# Sarah Connor ist wieder schwanger!



## Mandalorianer (21 Feb. 2011)

*Bleibt sie in der X-Factor-Jury?
Sarah Connor ist wieder schwanger!​*
Kürzlich wurde bekannt, dass Marc Terenzi (32) wieder Vater werden soll – und das auch noch durch einen One Night Stand. Jetzt zieht seine Ex Sarah Connor (30) nach. Sie und ihr Lebensgefährte und Manager Florian (34) bekommen ein Baby!

Sarah soll bereits im vierten Monat sein. „Wir freuen uns riesig. Es ist ein absolutes Wunschkind“, sagte Florian der Bild. Die Sängerin hat bereits zwei Kinder mit Marc Terenzi, den siebenjährigen Tyler und die vierjährige Summer.

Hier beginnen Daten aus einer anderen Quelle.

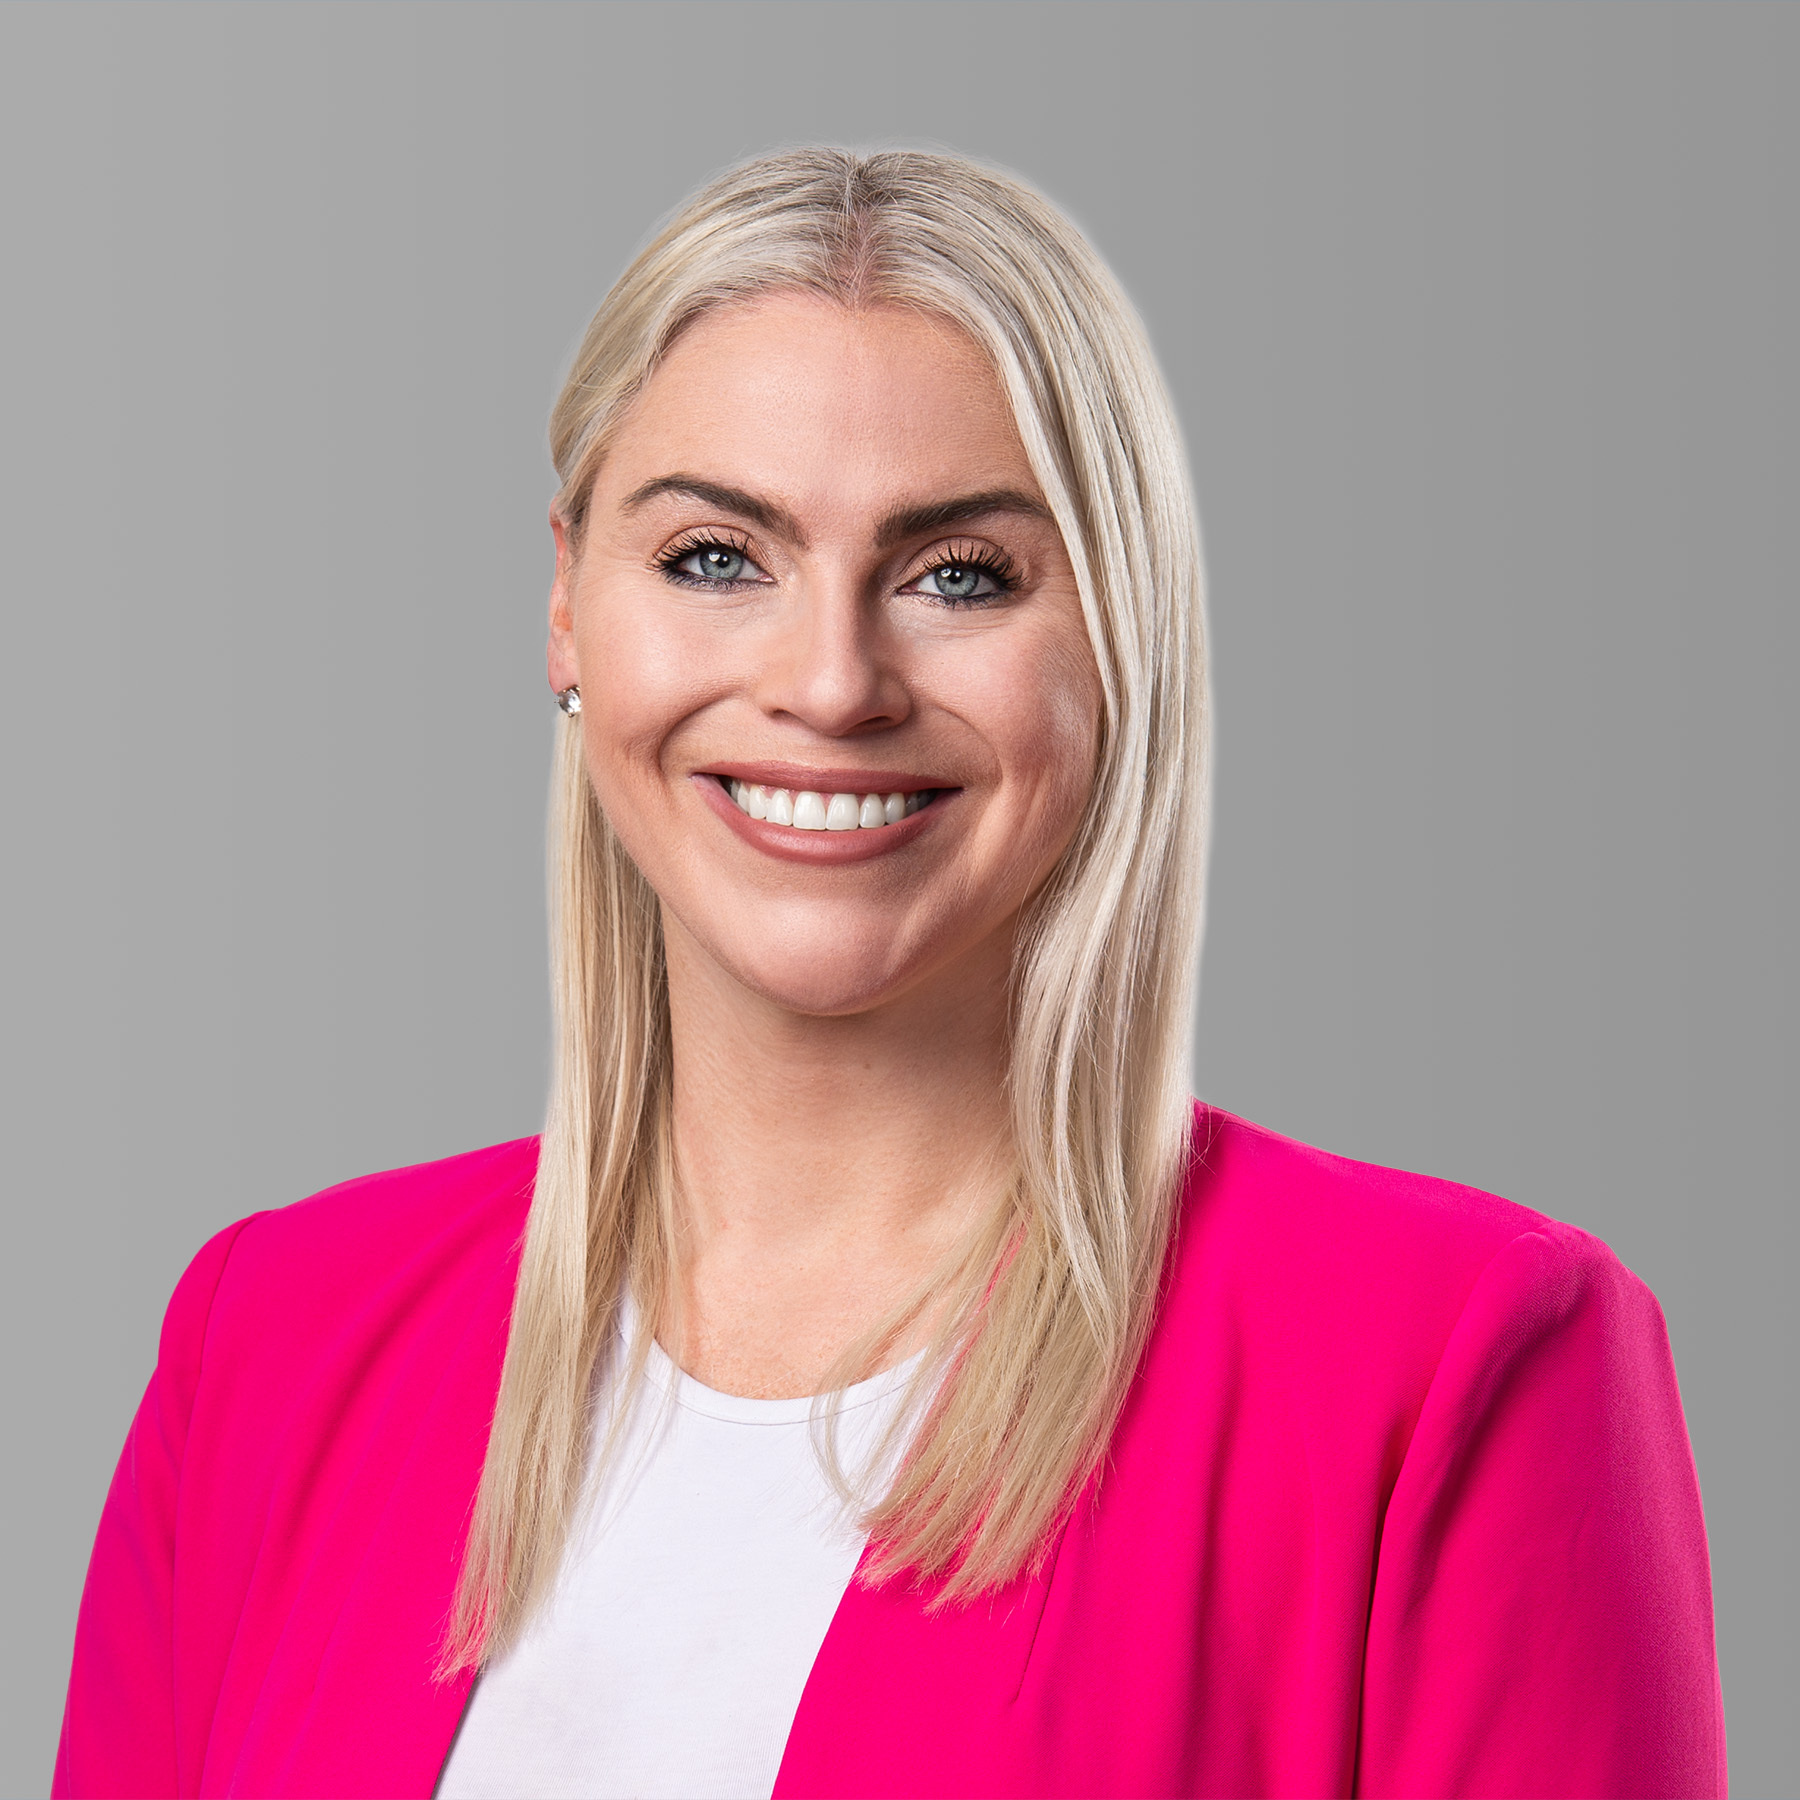 Profile picture of Jessica Adamovich family lawyer in Sydney

Trotz der Schwangerschaft will Sarah auch in der zweiten Staffel von X-Factor in der Jury sitzen. Die Castings beginnen im April.

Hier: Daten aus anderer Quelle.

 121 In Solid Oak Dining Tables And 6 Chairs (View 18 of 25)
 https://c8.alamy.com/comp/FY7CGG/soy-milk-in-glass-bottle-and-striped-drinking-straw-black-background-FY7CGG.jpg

*Wir wünschen der werdenden Mama alles Gute! 
Gruss vom Gollum:thumbup:*


----------



## Punisher (21 Feb. 2011)

na und?


----------



## Ragdoll (21 Feb. 2011)

Toll, das passt ja zu ihr.


----------



## Barricade (21 Feb. 2011)

Glückwunsch


----------



## jupp24 (21 Feb. 2011)

Lieschen Müller aus Cuxhaven auch.


----------



## helenefan (21 Feb. 2011)

das ist privatsache und es wird wieder mal breit getreten ... ohne worte


----------